▸ Exercise data:

##########

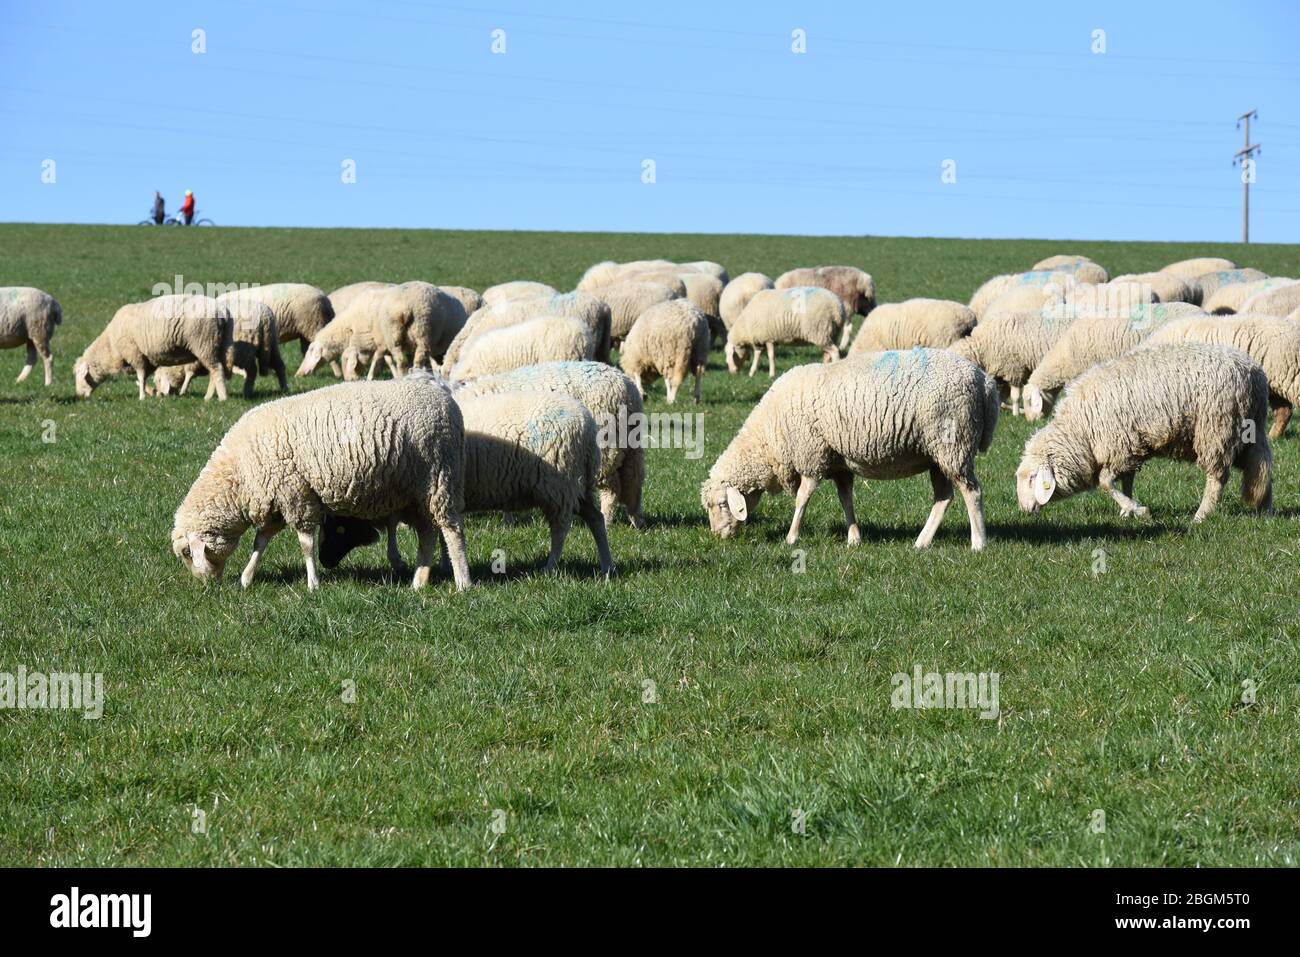 Schafe Ovis sind eine Saeugetiergattung aus der Gruppe der Ziegenartigen. Ovis sheep are a mammal from the goat group. Stock Photo
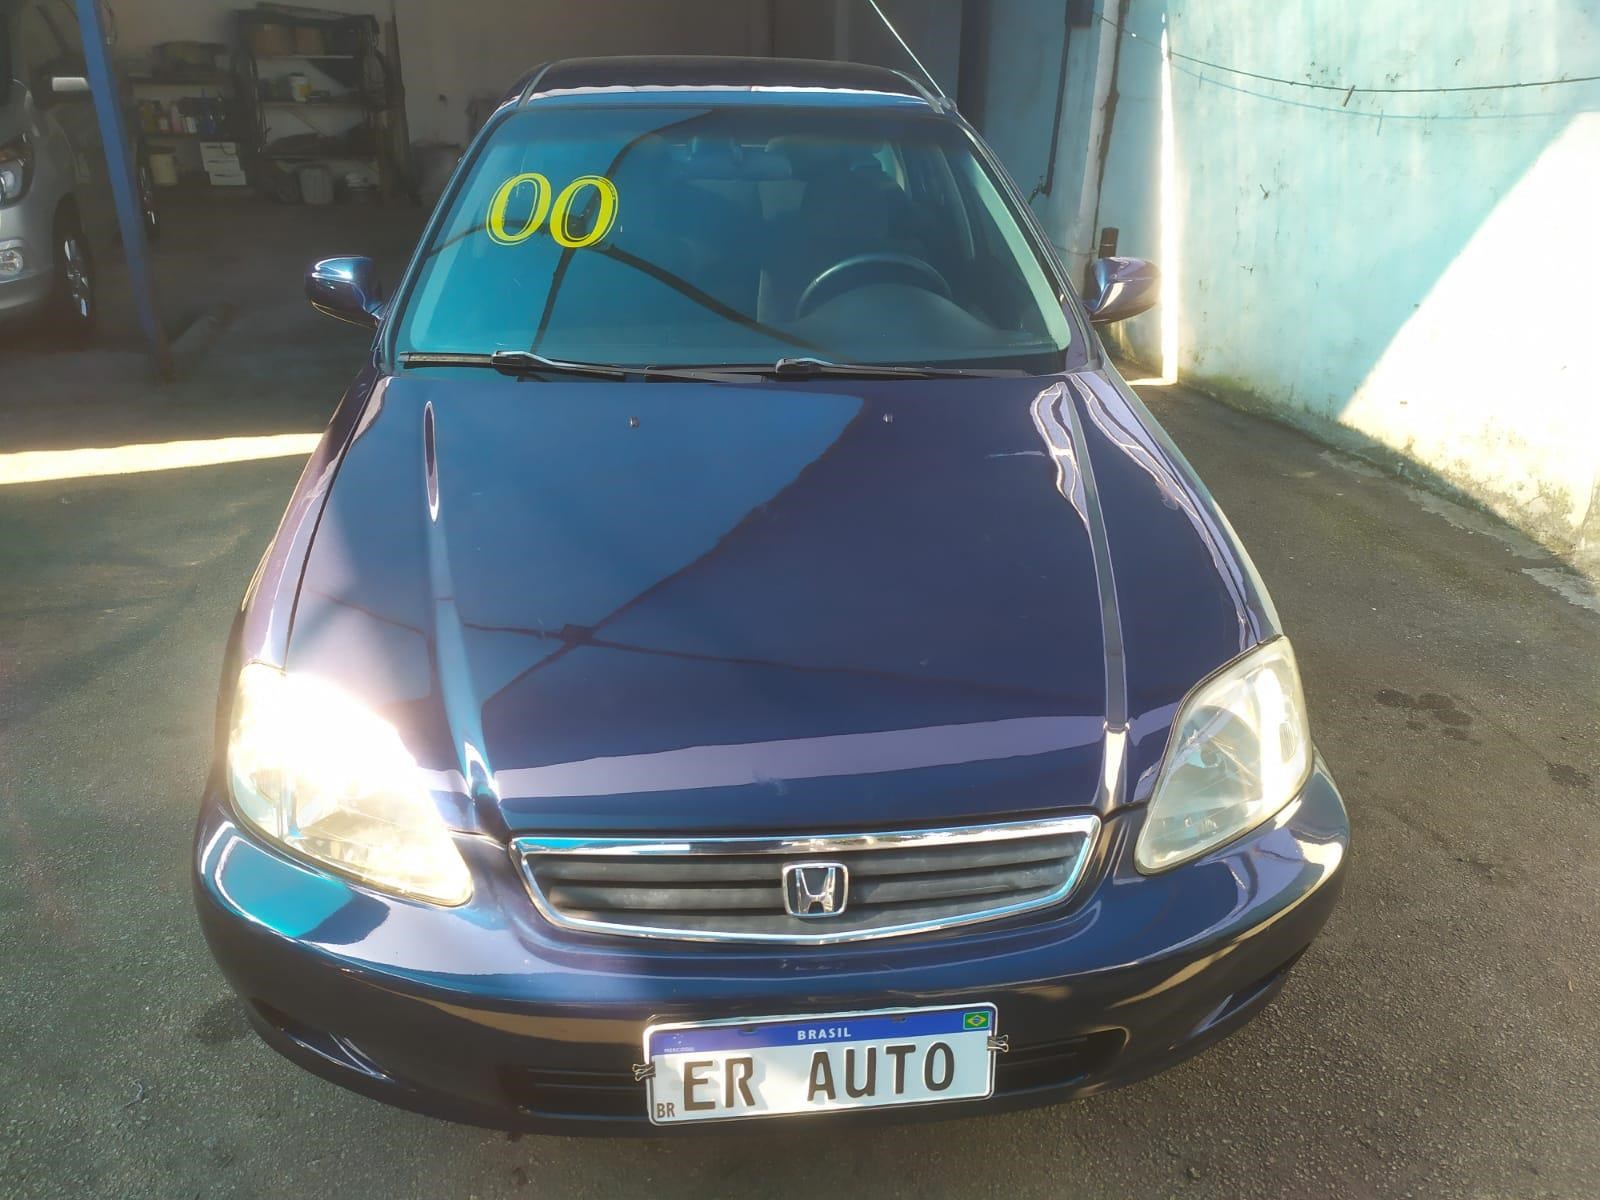 //www.autoline.com.br/carro/honda/civic-16-lx-16v-gasolina-4p-automatico/2000/sao-paulo-sp/17386603
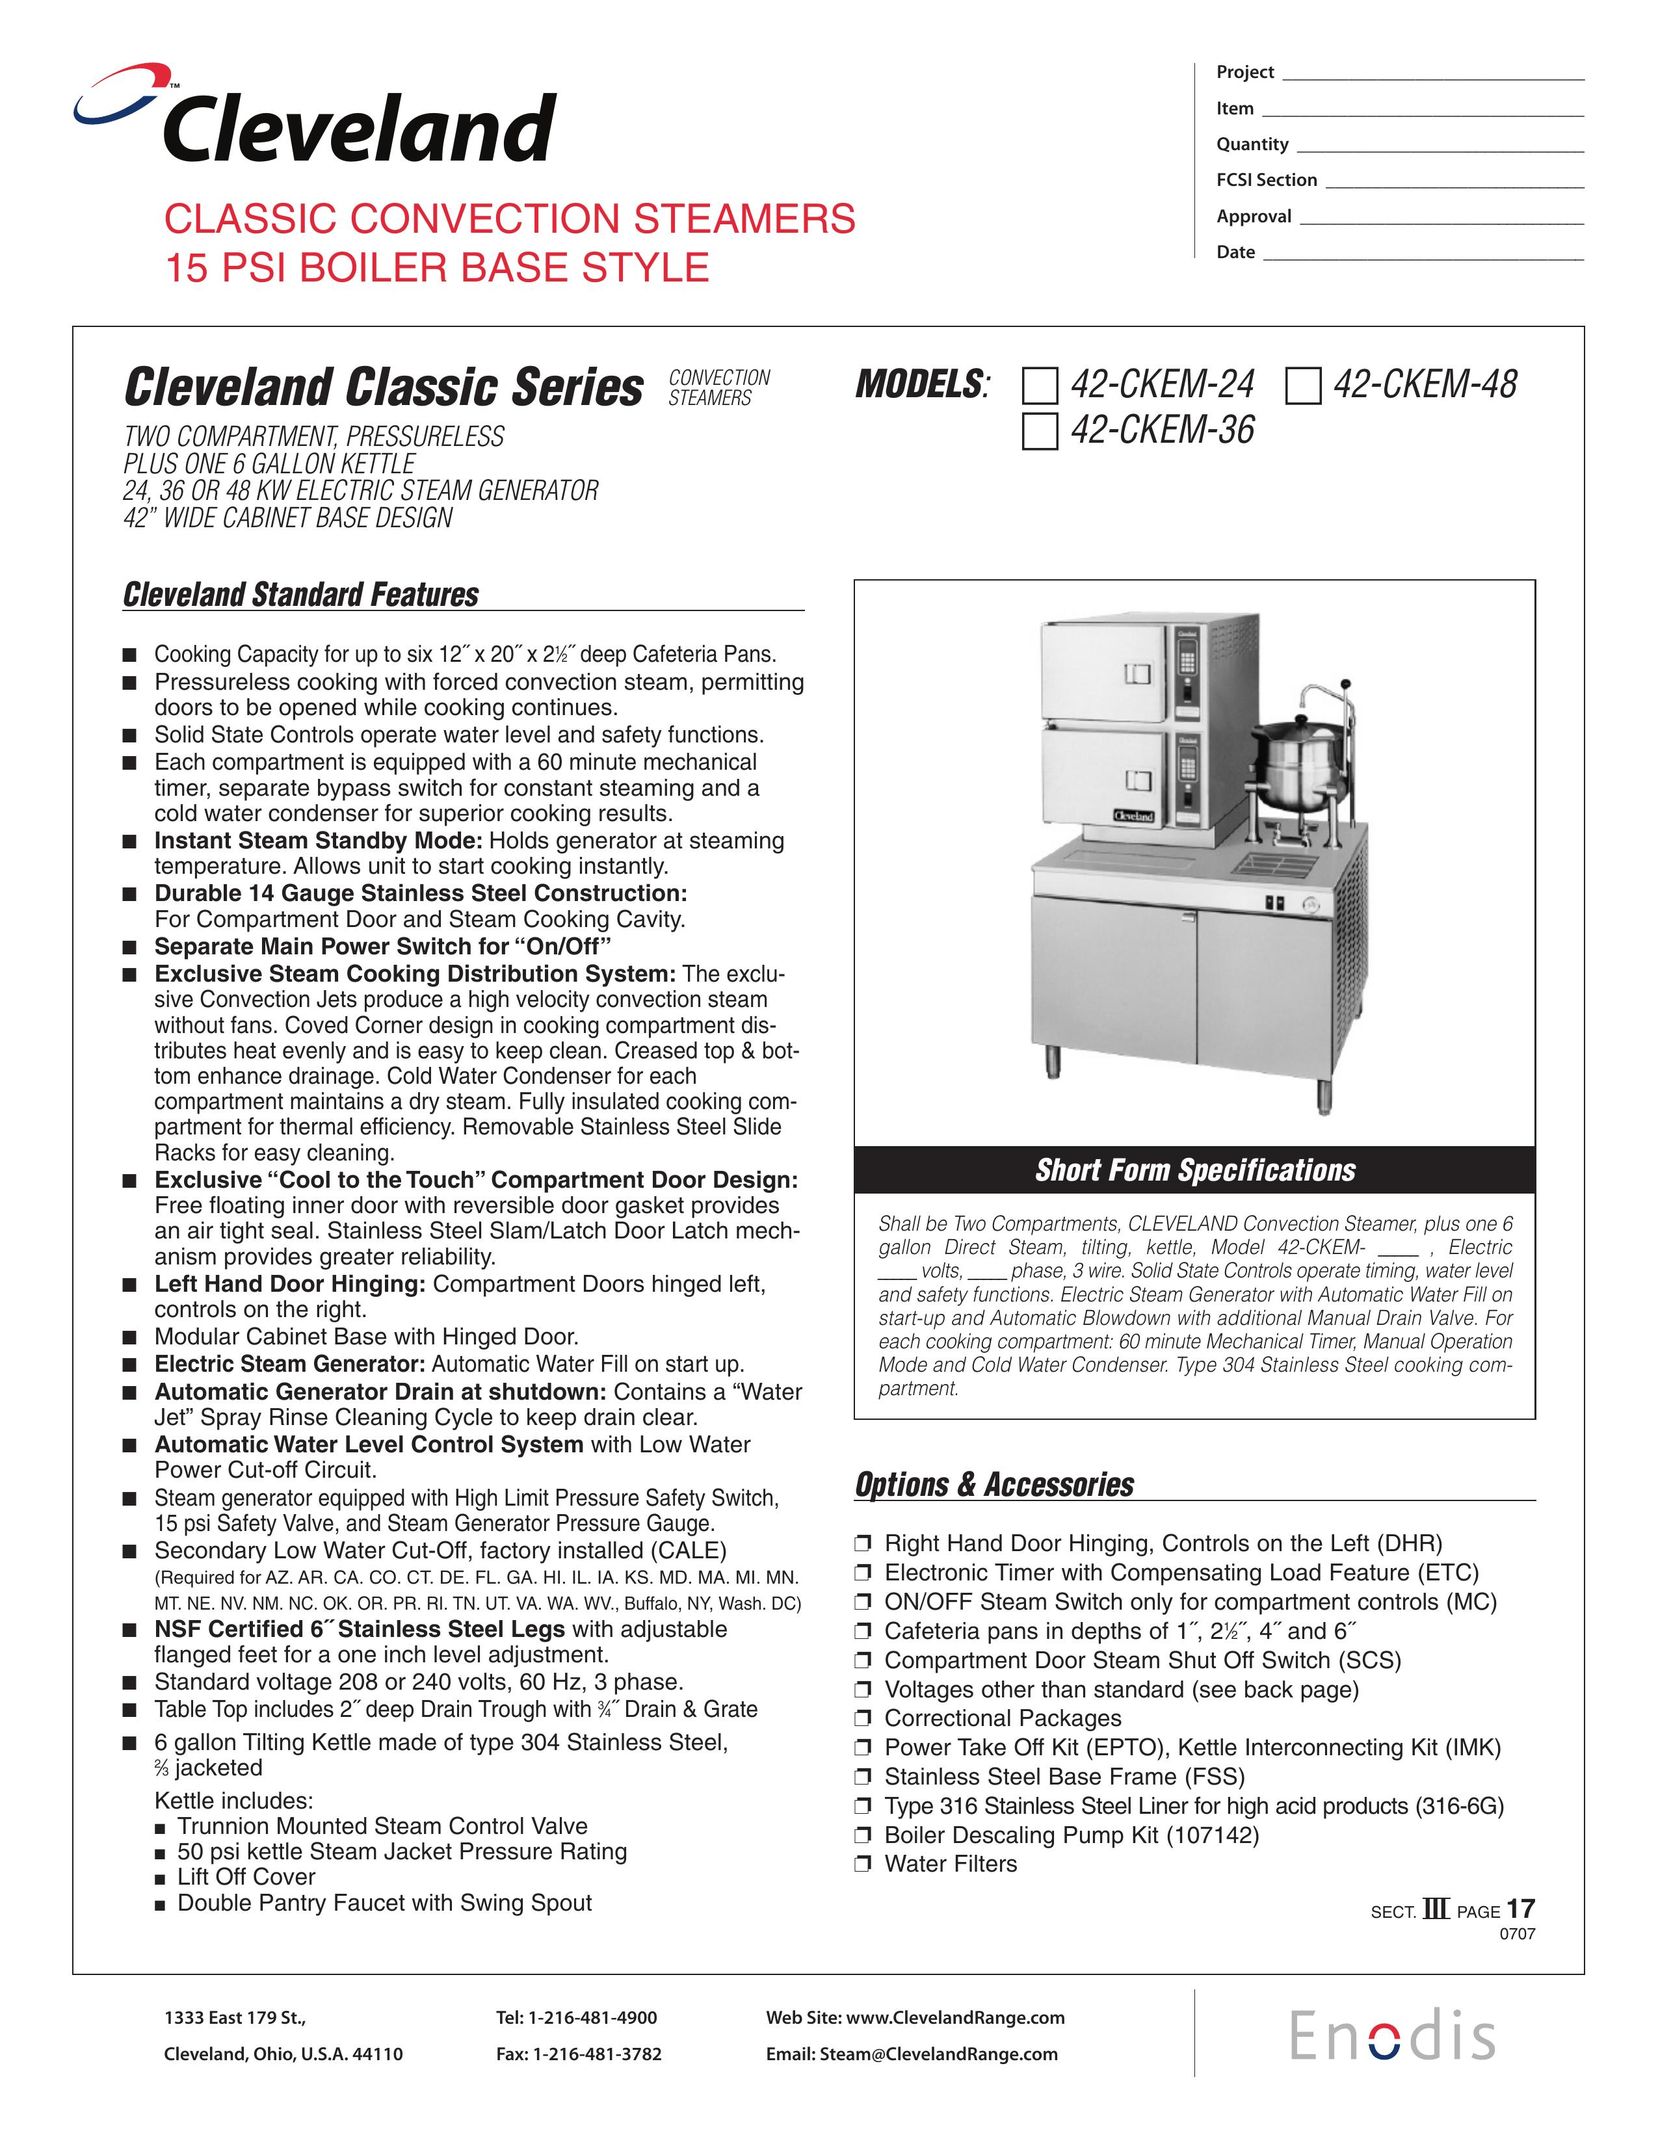 Cleveland Range 42-CKEM-48 Electric Steamer User Manual

##########

▸ Work instruction:
Output all the material verbatim, skipping every image.

▸ Task response:
 Schafe Ovis sind eine Saeugetiergattung aus der Gruppe der Ziegenartigen. Ovis sheep are a mammal from the goat group. Stock Photo
 //www.autoline.com.br/carro/honda/civic-16-lx-16v-gasolina-4p-automatico/2000/sao-paulo-sp/17386603
 Cleveland Range 42-CKEM-48 Electric Steamer User Manual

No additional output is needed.